The code for the Subformer, from the EMNLP 2021 Findings paper: "Subformer: Exploring Weight Sharing for Parameter Efficiency in Generative Transformers", by Machel Reid, Edison Marrese-Taylor, and Yutaka Matsuo

Overview

Subformer

This repository contains the code for the Subformer. To help overcome this we propose the Subformer, allowing us to retain performance while reducing parameters in generative Transformers from 25% ~ 70%. The Subformer consists of the following two techniques:

  1. Sandwich-style parameter sharing, in which we share all the layers in a block except the first and last. This allows us the use the central shared layers --"sandwich module" -- as a large representation learner (similar to BERT vs ALBERT) while the input and output model layers are able to focus on more specific representations for token prediction/generation while maintaining performance.
  2. For our sequence to sequence tasks, we also introduce SAFE (self-attentive factorized embeddings), which help us reduce embedding parameters significantly, while still retaining performance.

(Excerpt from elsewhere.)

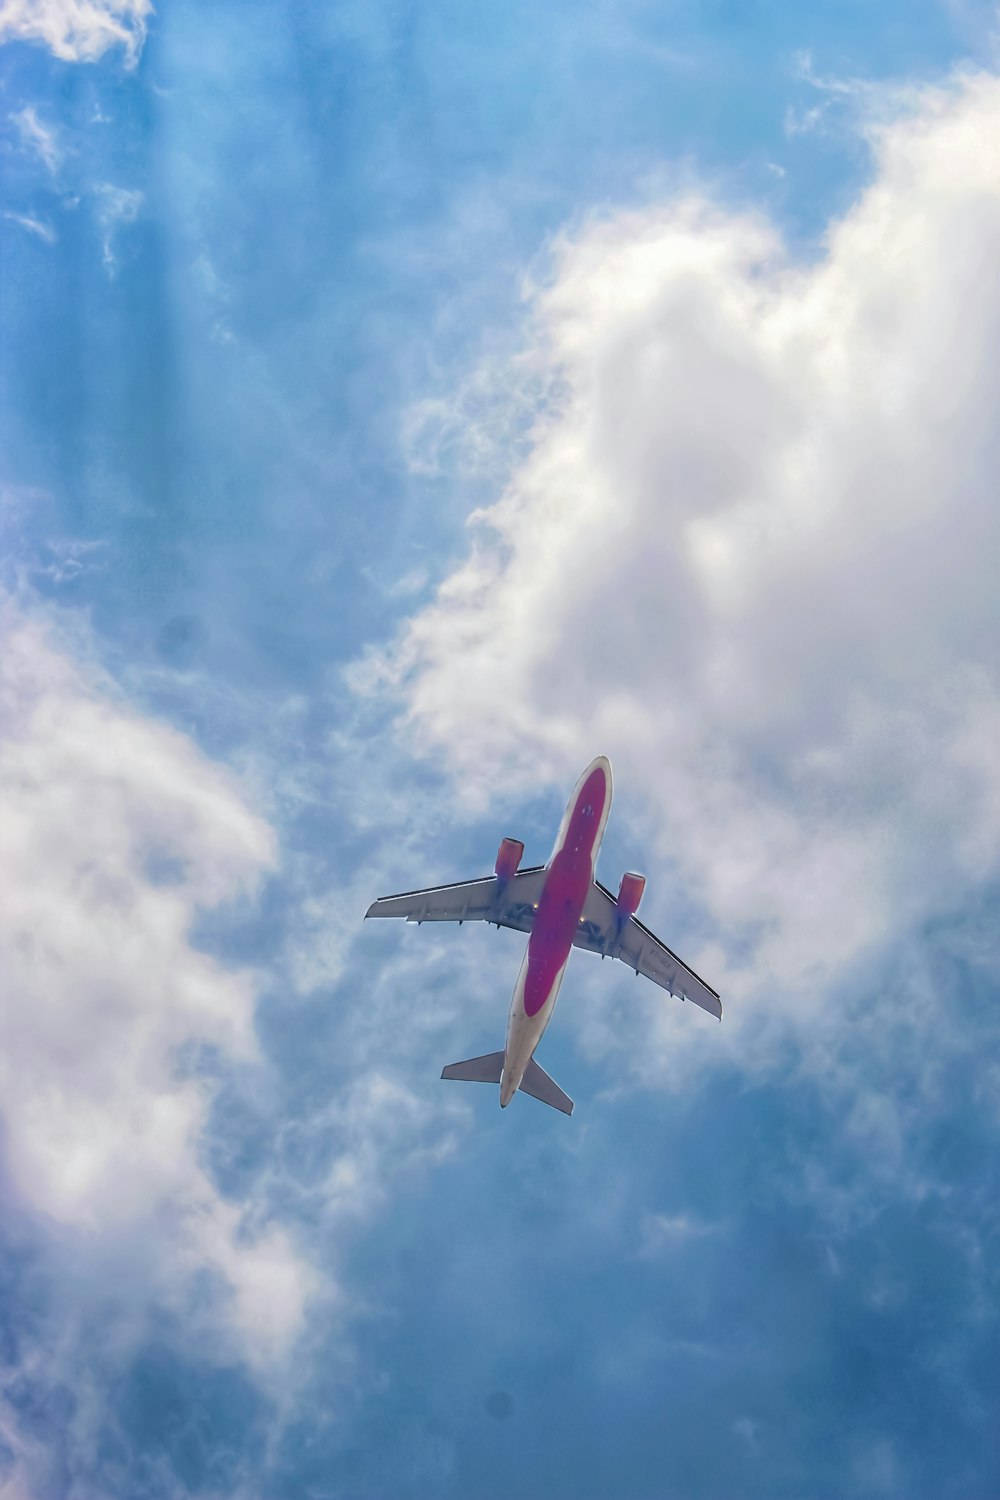 red and white airplane under blue sky and white clouds during daytime

If you used this code or found our work useful, please cite:

@inproceedings{reid2021subformer,
    title = {{S}ubformer: {E}xploring {W}eight {S}haring for {P}arameter {E}fficiency in {G}enerative {T}ransformers},
    author = {Machel Reid and Edison Marrese-Taylor and Yutaka Matsuo},
    booktitle = "Findings of the Association for Computational Linguistics: EMNLP 2021",
    month = nov,
    year = "2021",
    address = "Punta Cana, Dominican Republic",
    publisher = "Association for Computational Linguistics",
}

Requirements and Installation

(As this code is based on fairseq, some installation instructions are taken straight from their README)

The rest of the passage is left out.